Comment 2 Udi Shkalim 2016-08-16 11:47:16 UTC
Created attachment 1191251 [details]
controller-1 sosreport

Comment 3 Udi Shkalim 2016-08-16 11:49:17 UTC
Created attachment 1191253 [details]
controller-2 sosreport

Comment 4 John Eckersberg 2016-08-17 15:05:51 UTC
I think you must be resource starved on your controller hosts.  RabbitMQ is taking a very long time to do even the most basic startup on controller0:

=INFO REPORT==== 14-Aug-2016::13:27:58 ===
Starting RabbitMQ 3.6.3 on Erlang 18.3.4.1

[...]

=INFO REPORT==== 14-Aug-2016::13:28:29 ===
Server startup complete; 0 plugins started.

Over 30 seconds.  That is before any of the clustering logic starts to kick in.  Under normal circumstances that part of startup should be nearly instant.  On my laptop it starts in less than one second.

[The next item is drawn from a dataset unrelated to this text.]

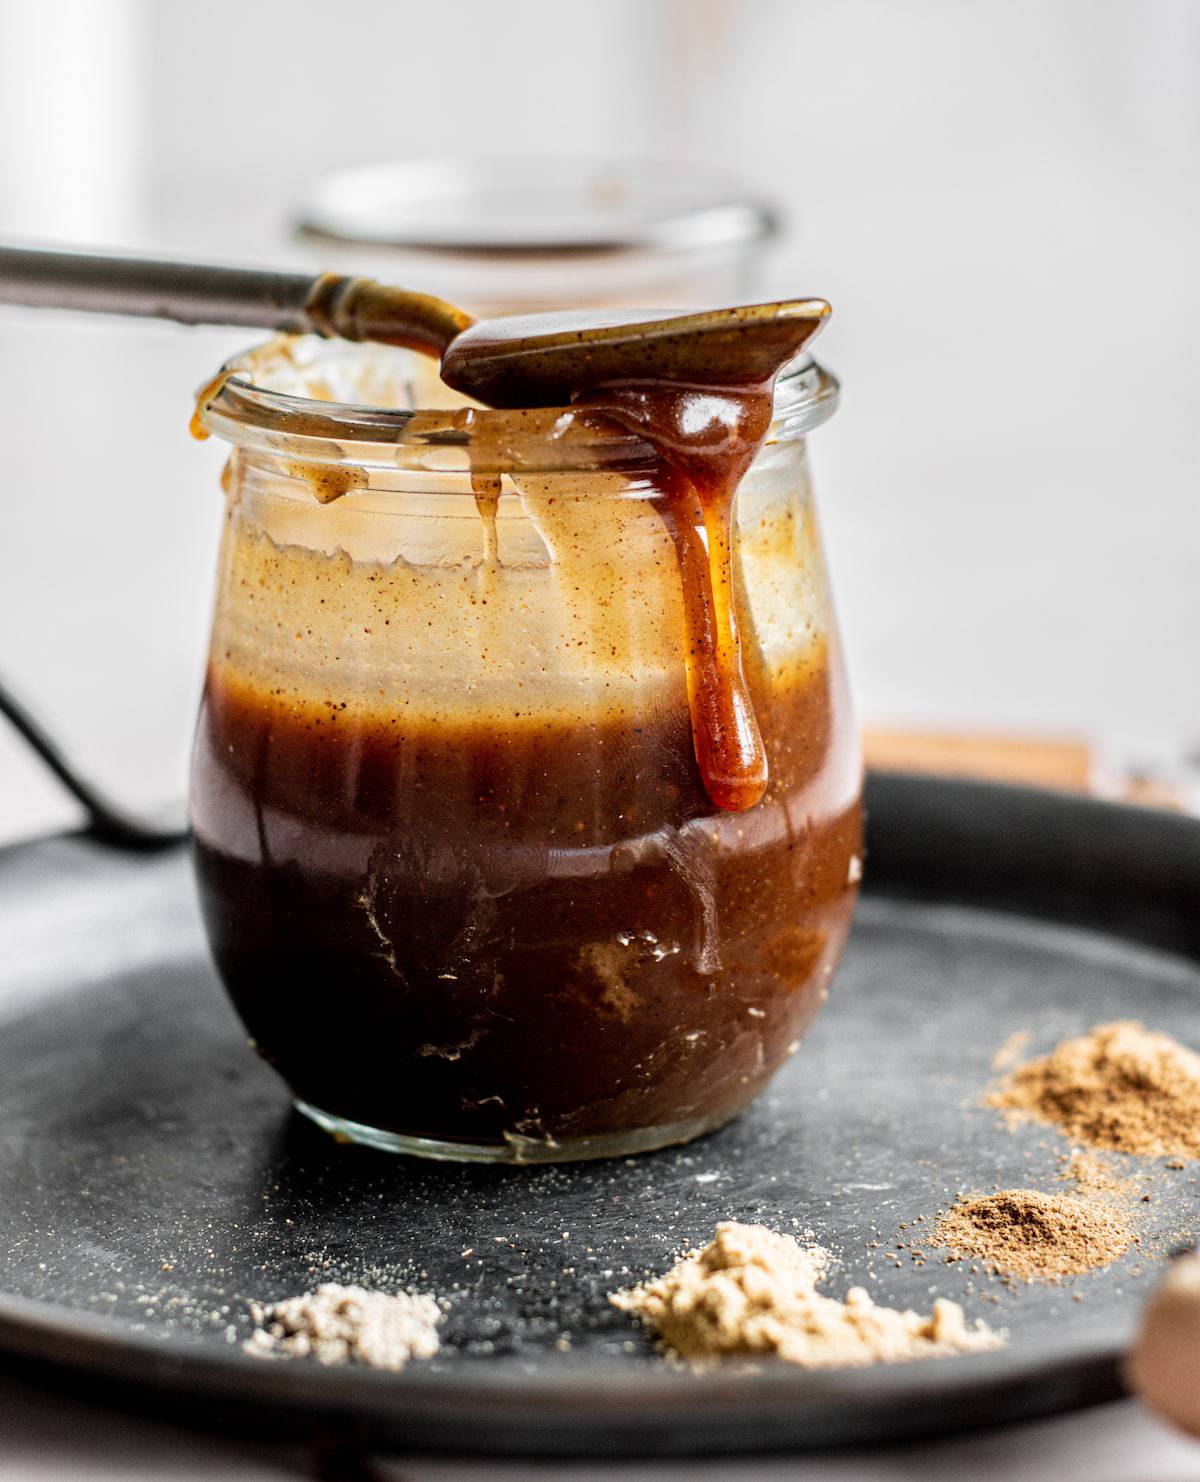 caramel dripping off a spoon on a jar.
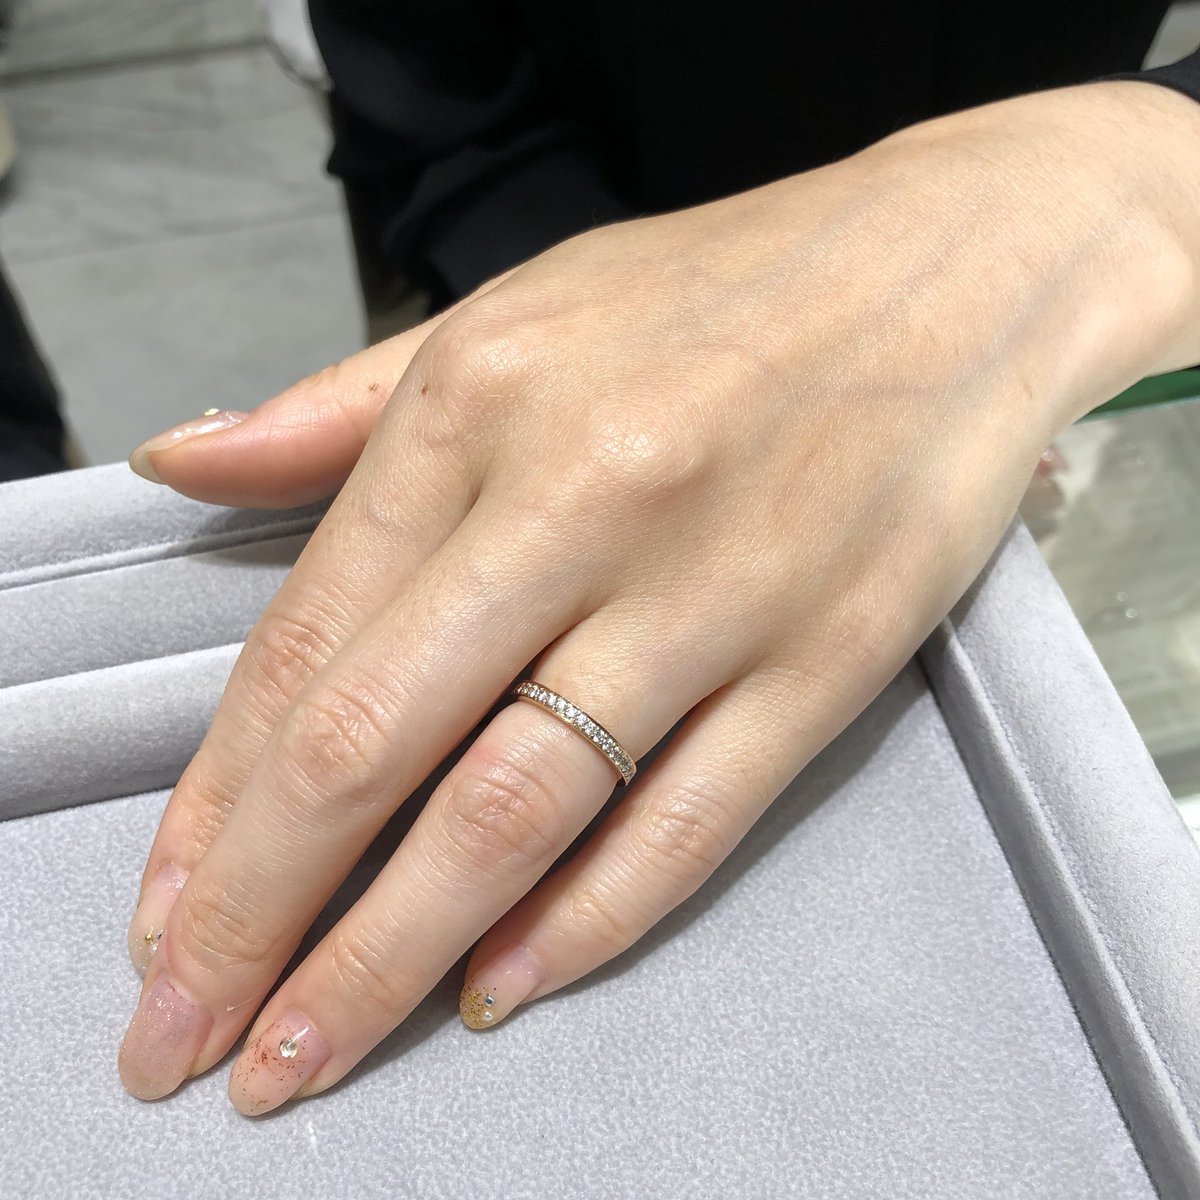 レハイム京都店 ゴールドのエタニティリングを結婚指輪としてお選びいただきました ダイヤモンド 婚約指輪 結婚指輪 マリッジリング 重ねづけ エタニティリング 指輪 リング ゼクシィ 京都 大阪 レハイム

Comment 5 Udi Shkalim 2016-08-28 15:14:37 UTC
I've been monitoring the hypervisor CPU usage during the overcloud deployment especially during the rabbitmq startup.

I've noticed that the undercloud is a high consumer and during the controllers startup CPU of controllers and undercloud spikes to 300-500% per vm.

When deploying 1 controller CPU usage is not reaching those numbers.
As explained by eck the rabbit server is a fairly high consumer of cpu.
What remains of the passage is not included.